## Exercise brief
Leaving pictures aside, restate exactly the lines of the data below, from the first one through the line that contains "Mondi A4 Renkli".

## Data excerpt
= Beginning of Section =
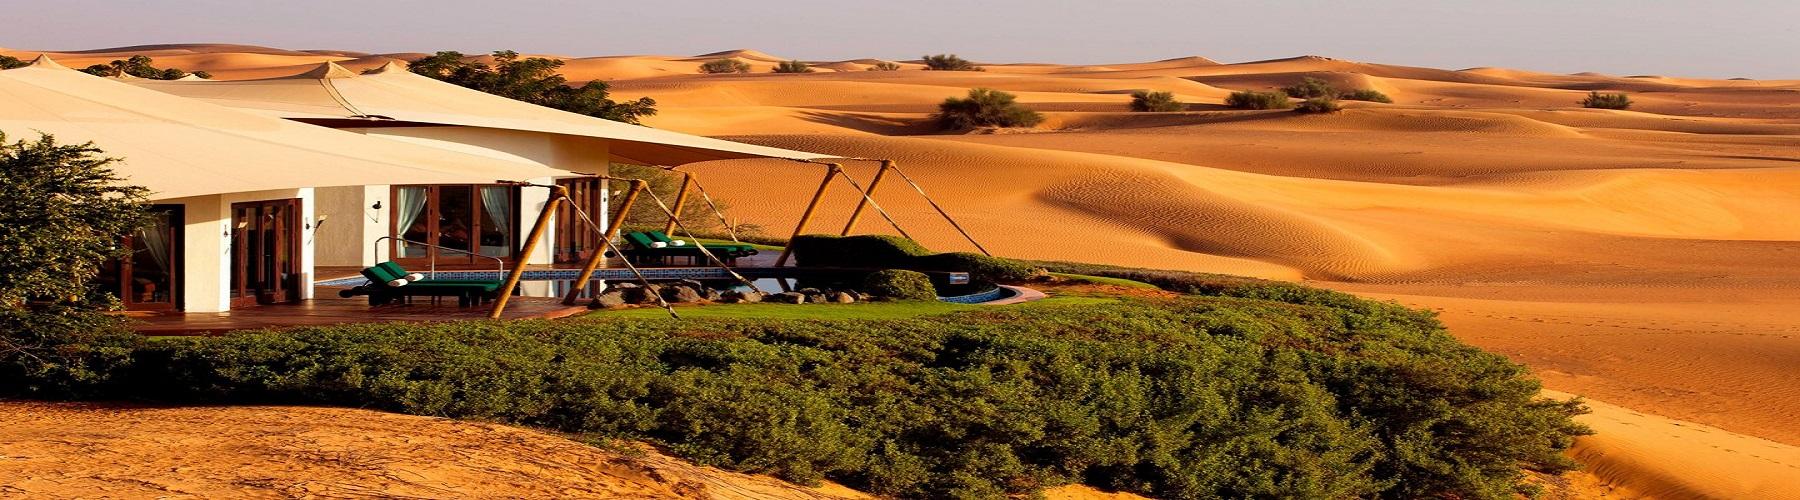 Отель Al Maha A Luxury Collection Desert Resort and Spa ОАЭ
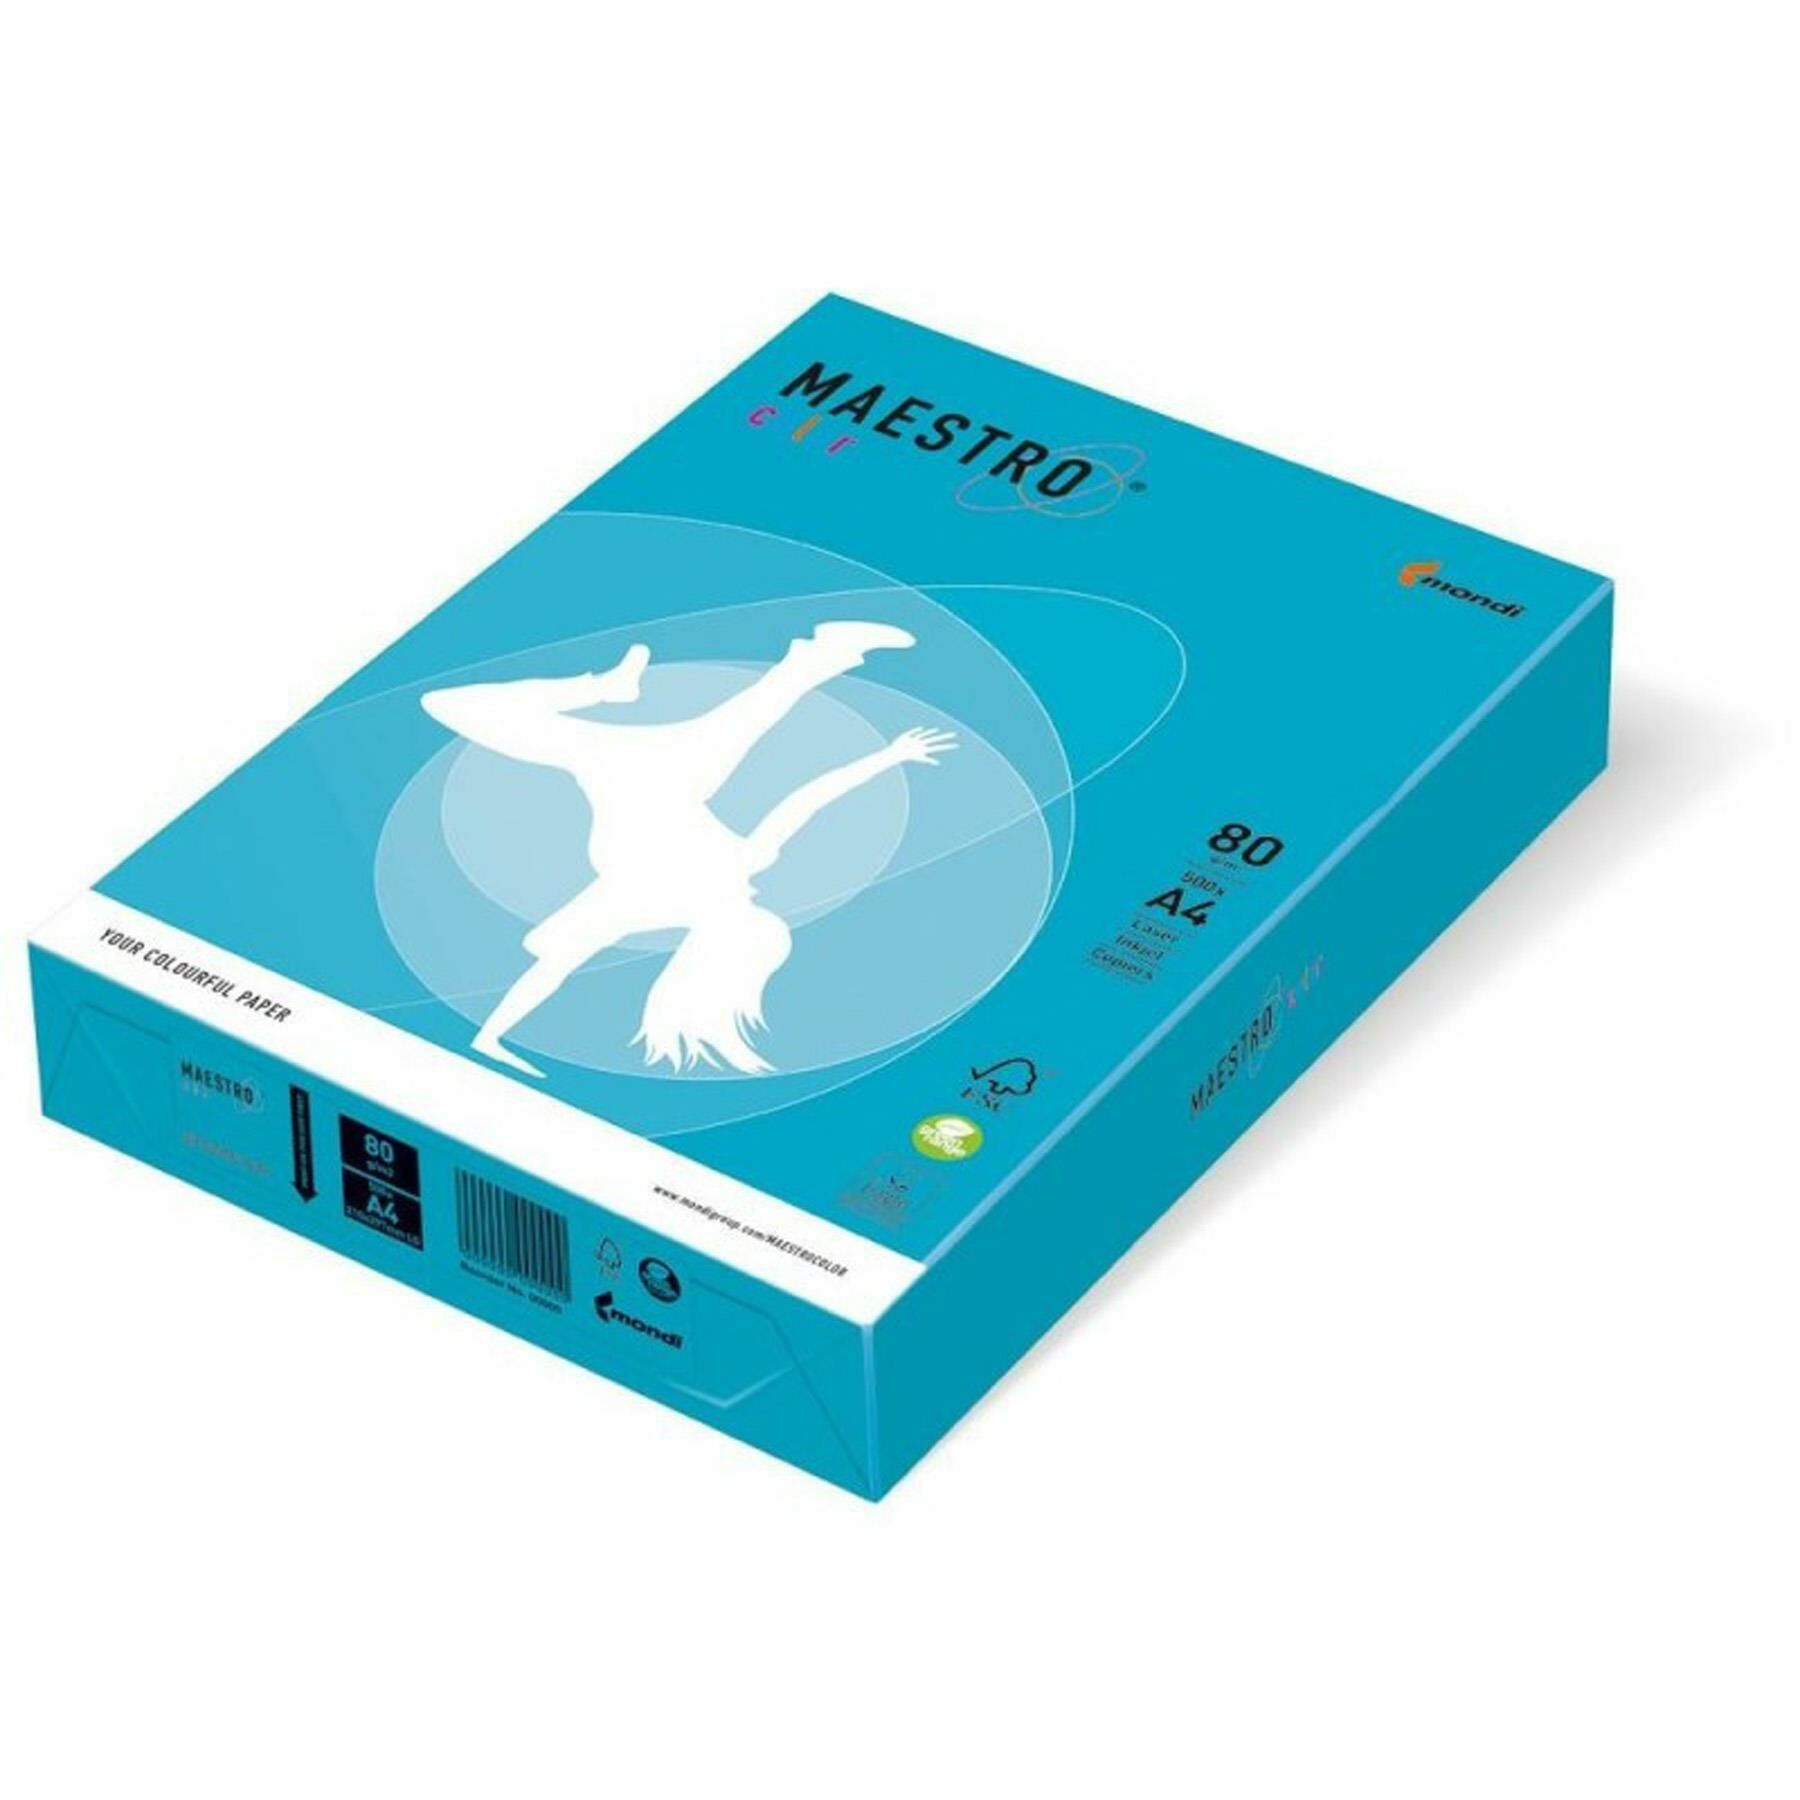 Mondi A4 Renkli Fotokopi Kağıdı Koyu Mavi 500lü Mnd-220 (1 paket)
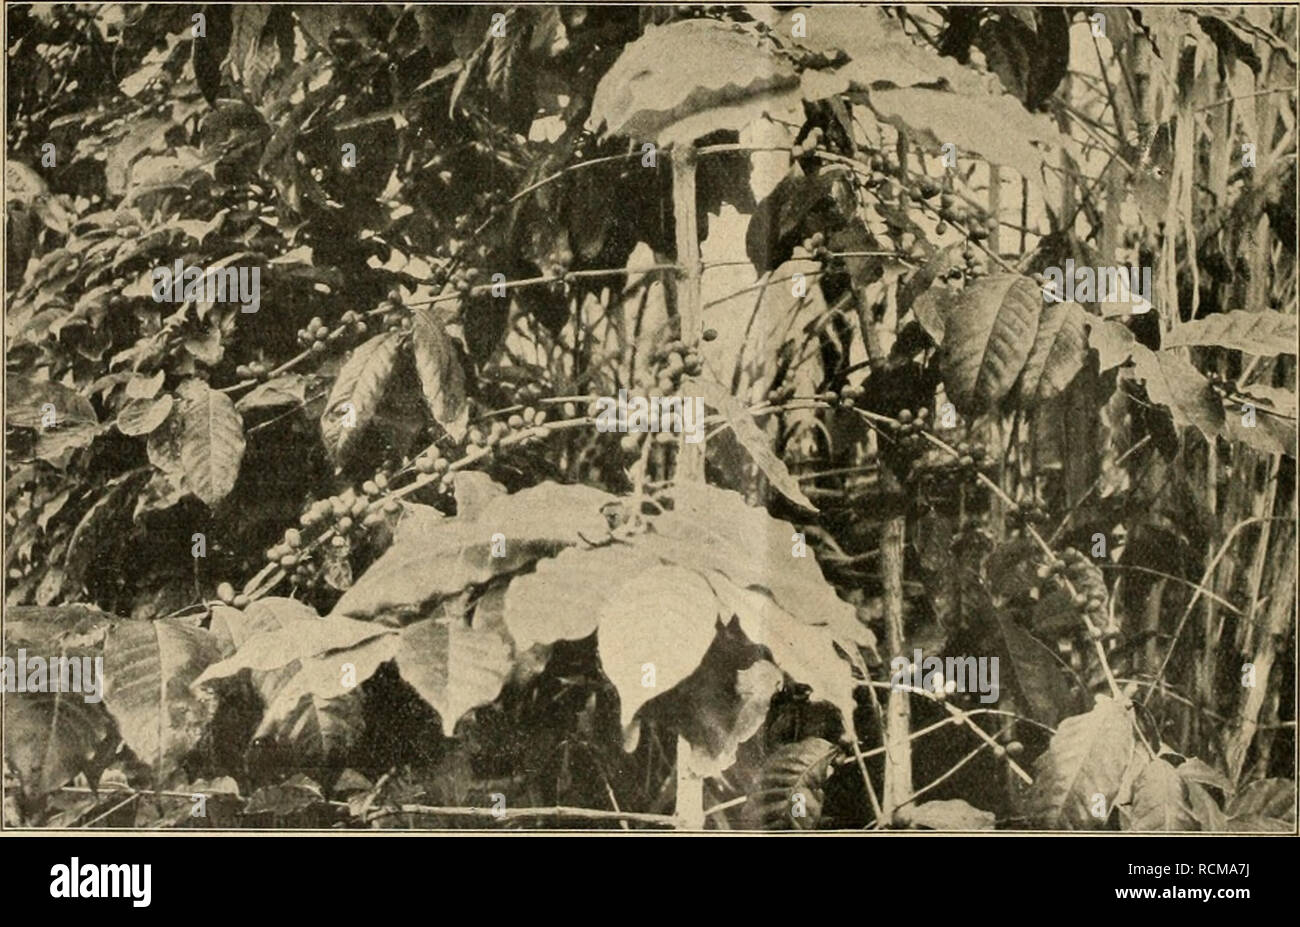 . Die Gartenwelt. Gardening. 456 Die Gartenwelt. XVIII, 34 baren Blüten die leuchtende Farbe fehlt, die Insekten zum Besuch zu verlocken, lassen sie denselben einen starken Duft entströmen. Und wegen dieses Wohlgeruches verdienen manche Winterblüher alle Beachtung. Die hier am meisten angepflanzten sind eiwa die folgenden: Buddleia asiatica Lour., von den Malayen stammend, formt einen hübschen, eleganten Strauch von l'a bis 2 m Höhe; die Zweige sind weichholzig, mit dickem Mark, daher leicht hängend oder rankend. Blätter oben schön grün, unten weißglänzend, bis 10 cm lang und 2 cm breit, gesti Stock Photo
= End of Section =
## Exercise output
 Отель Al Maha A Luxury Collection Desert Resort and Spa ОАЭ
 Mondi A4 Renkli Fotokopi Kağıdı Koyu Mavi 500lü Mnd-220 (1 paket)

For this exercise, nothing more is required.